_Given data_
-.-.-
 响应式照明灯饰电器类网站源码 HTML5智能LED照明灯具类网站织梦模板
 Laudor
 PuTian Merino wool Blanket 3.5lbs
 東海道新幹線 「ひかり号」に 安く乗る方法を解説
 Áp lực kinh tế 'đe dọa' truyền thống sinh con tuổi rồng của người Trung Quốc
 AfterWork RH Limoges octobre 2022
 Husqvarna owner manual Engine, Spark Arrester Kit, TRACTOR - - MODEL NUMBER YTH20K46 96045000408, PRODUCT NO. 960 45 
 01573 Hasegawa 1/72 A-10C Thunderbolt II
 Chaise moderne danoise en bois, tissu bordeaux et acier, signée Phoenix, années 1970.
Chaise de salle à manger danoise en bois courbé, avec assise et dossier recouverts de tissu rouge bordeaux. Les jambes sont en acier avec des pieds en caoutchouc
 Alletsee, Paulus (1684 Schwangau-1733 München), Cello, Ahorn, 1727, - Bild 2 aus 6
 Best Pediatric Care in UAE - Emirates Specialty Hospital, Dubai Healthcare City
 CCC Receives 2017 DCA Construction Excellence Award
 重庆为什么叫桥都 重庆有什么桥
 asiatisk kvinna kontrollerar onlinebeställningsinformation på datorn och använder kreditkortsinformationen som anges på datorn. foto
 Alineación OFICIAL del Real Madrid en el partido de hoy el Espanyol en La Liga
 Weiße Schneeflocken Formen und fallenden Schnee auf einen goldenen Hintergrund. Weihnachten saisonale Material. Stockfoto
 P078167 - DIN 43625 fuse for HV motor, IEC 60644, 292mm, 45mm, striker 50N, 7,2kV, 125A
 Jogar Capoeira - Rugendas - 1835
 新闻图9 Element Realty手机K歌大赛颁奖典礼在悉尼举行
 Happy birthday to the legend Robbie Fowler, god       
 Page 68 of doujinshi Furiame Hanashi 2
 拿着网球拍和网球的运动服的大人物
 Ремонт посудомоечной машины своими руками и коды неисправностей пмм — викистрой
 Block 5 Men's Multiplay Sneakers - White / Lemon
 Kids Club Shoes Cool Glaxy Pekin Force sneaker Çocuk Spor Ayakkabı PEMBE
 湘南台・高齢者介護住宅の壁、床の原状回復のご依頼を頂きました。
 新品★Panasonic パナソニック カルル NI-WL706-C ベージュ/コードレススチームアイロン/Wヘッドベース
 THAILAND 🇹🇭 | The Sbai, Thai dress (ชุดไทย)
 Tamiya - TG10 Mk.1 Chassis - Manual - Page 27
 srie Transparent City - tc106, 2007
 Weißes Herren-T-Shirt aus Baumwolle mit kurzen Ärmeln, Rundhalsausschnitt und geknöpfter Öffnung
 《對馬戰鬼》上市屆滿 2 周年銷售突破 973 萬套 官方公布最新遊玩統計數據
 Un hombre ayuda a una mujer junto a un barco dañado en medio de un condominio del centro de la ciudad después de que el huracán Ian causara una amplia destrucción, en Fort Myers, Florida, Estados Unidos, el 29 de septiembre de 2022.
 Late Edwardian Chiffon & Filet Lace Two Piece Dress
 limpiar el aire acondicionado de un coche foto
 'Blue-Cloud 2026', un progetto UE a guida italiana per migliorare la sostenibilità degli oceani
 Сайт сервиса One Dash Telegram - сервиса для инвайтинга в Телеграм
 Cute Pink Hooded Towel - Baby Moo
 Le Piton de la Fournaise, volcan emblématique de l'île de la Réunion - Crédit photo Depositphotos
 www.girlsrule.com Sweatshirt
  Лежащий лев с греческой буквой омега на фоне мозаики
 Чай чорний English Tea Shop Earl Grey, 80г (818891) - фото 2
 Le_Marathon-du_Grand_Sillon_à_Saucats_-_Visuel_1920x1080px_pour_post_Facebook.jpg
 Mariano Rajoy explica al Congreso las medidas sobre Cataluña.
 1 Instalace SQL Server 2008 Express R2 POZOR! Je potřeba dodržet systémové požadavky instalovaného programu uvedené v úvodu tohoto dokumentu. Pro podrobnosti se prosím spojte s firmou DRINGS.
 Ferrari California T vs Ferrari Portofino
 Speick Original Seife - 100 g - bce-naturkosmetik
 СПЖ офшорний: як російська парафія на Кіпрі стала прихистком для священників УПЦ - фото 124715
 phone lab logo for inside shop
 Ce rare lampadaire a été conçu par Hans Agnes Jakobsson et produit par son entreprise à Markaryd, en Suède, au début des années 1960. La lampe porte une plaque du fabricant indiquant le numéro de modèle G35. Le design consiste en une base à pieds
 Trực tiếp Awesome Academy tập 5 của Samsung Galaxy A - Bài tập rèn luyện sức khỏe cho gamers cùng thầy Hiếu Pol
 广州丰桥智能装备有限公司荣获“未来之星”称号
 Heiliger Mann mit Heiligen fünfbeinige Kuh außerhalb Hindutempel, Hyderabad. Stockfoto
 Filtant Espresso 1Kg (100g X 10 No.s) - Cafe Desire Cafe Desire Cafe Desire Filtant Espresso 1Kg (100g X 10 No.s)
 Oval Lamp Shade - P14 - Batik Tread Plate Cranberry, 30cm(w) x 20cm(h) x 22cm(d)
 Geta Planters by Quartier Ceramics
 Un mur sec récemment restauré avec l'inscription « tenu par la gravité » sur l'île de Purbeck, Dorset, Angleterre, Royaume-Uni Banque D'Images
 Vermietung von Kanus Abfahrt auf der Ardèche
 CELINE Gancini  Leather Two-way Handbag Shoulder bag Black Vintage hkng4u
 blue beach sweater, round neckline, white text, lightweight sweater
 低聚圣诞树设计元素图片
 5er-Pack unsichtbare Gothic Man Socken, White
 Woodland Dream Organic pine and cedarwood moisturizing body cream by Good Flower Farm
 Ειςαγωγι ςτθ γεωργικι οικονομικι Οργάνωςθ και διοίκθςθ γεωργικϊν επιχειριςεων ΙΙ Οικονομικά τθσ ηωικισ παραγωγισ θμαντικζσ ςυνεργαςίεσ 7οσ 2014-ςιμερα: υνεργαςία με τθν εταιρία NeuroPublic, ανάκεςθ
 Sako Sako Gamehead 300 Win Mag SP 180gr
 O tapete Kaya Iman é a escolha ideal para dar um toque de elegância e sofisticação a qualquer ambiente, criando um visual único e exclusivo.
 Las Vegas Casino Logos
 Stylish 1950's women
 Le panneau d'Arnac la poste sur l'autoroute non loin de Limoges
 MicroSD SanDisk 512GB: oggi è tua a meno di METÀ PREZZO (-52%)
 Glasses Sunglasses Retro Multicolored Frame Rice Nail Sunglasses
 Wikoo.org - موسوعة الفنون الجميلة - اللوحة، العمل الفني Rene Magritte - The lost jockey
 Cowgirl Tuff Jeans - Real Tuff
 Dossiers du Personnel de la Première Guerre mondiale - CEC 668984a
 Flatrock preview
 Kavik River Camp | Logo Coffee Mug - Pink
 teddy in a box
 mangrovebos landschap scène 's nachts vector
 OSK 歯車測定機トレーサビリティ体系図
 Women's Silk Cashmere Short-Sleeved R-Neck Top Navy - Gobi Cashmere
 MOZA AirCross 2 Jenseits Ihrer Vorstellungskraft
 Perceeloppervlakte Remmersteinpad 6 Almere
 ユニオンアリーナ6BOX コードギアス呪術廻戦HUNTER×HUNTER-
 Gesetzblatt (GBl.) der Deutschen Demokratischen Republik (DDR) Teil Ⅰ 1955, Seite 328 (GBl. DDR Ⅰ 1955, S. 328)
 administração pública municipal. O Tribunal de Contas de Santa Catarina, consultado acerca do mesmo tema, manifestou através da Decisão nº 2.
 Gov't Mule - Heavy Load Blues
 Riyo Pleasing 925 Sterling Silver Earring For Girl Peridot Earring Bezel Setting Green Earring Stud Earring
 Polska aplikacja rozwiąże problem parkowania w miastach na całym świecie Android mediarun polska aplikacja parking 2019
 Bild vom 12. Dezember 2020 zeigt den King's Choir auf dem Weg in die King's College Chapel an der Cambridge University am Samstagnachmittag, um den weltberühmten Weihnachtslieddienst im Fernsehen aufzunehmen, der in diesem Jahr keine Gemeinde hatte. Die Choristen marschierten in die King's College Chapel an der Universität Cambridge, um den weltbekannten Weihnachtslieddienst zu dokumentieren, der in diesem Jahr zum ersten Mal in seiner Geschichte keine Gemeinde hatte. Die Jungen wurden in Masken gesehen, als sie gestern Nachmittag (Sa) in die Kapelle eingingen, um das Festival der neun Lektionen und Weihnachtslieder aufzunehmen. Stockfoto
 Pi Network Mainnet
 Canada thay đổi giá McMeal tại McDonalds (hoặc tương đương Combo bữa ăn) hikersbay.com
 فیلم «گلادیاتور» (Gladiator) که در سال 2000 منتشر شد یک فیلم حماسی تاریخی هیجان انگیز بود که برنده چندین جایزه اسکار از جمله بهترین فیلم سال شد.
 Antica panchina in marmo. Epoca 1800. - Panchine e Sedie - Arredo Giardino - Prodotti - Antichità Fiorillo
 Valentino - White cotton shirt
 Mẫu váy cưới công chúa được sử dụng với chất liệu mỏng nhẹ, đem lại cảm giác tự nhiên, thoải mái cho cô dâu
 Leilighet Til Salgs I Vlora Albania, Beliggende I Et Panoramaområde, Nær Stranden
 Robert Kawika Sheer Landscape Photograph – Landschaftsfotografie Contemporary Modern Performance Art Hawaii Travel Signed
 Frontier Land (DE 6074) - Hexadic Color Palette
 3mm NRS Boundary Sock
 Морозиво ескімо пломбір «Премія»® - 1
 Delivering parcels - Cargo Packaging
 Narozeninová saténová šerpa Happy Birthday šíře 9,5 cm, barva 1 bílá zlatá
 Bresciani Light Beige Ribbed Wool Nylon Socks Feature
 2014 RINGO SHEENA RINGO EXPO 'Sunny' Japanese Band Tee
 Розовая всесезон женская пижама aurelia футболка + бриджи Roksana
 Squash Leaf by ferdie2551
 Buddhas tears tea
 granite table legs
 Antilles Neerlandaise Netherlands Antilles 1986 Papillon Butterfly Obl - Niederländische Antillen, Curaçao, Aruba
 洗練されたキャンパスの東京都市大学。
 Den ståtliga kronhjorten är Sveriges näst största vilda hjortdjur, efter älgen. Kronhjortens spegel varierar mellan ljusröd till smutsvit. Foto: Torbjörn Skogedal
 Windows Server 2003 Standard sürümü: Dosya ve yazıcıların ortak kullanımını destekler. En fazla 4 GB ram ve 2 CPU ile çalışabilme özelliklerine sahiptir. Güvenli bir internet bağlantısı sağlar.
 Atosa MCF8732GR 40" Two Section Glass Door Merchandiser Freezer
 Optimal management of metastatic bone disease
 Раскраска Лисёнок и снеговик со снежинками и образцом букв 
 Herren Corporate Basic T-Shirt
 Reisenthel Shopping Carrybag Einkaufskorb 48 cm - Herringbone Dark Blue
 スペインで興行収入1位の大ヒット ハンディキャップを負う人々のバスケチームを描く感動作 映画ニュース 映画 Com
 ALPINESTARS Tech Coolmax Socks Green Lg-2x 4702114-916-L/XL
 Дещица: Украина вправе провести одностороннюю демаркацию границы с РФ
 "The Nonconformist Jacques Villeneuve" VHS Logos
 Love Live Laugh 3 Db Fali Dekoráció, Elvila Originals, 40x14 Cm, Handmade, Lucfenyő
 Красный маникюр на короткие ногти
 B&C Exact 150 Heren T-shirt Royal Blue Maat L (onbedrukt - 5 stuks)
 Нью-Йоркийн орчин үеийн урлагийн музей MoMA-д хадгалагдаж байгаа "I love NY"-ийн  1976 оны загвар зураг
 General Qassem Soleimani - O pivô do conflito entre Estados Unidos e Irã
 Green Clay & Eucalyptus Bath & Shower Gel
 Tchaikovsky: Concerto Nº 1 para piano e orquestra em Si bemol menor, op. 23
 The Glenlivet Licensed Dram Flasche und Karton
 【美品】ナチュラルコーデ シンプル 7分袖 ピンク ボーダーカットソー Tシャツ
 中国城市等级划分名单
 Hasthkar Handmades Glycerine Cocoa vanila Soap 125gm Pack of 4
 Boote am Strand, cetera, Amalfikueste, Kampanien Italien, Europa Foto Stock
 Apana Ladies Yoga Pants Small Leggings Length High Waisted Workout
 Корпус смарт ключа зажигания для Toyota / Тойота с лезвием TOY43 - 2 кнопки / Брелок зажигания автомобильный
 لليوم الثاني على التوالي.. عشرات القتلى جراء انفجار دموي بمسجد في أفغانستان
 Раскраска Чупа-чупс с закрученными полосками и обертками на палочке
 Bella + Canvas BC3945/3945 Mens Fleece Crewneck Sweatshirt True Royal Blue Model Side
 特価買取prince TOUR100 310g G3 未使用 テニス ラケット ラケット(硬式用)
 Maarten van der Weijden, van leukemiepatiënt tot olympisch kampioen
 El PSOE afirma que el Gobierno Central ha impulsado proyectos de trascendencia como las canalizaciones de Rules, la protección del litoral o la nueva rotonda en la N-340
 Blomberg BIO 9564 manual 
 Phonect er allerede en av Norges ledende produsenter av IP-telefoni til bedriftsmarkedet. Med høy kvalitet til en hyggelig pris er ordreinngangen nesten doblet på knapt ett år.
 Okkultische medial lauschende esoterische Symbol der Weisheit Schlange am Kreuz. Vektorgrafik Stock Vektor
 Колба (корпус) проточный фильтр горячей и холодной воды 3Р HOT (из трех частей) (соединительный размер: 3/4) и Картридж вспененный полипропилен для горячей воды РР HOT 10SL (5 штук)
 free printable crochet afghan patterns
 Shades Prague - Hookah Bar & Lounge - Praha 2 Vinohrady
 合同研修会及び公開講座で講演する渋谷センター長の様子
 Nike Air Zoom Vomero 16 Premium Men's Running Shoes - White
-.-.-
_Work to be completed_
Would you output, unchanged, each line from the start of the records to the line that holds "Alletsee, Paulus (1684", both included and nothing else?

_Solution to this task_
 响应式照明灯饰电器类网站源码 HTML5智能LED照明灯具类网站织梦模板
 Laudor
 PuTian Merino wool Blanket 3.5lbs
 東海道新幹線 「ひかり号」に 安く乗る方法を解説
 Áp lực kinh tế 'đe dọa' truyền thống sinh con tuổi rồng của người Trung Quốc
 AfterWork RH Limoges octobre 2022
 Husqvarna owner manual Engine, Spark Arrester Kit, TRACTOR - - MODEL NUMBER YTH20K46 96045000408, PRODUCT NO. 960 45 
 01573 Hasegawa 1/72 A-10C Thunderbolt II
 Chaise moderne danoise en bois, tissu bordeaux et acier, signée Phoenix, années 1970.
Chaise de salle à manger danoise en bois courbé, avec assise et dossier recouverts de tissu rouge bordeaux. Les jambes sont en acier avec des pieds en caoutchouc
 Alletsee, Paulus (1684 Schwangau-1733 München), Cello, Ahorn, 1727, - Bild 2 aus 6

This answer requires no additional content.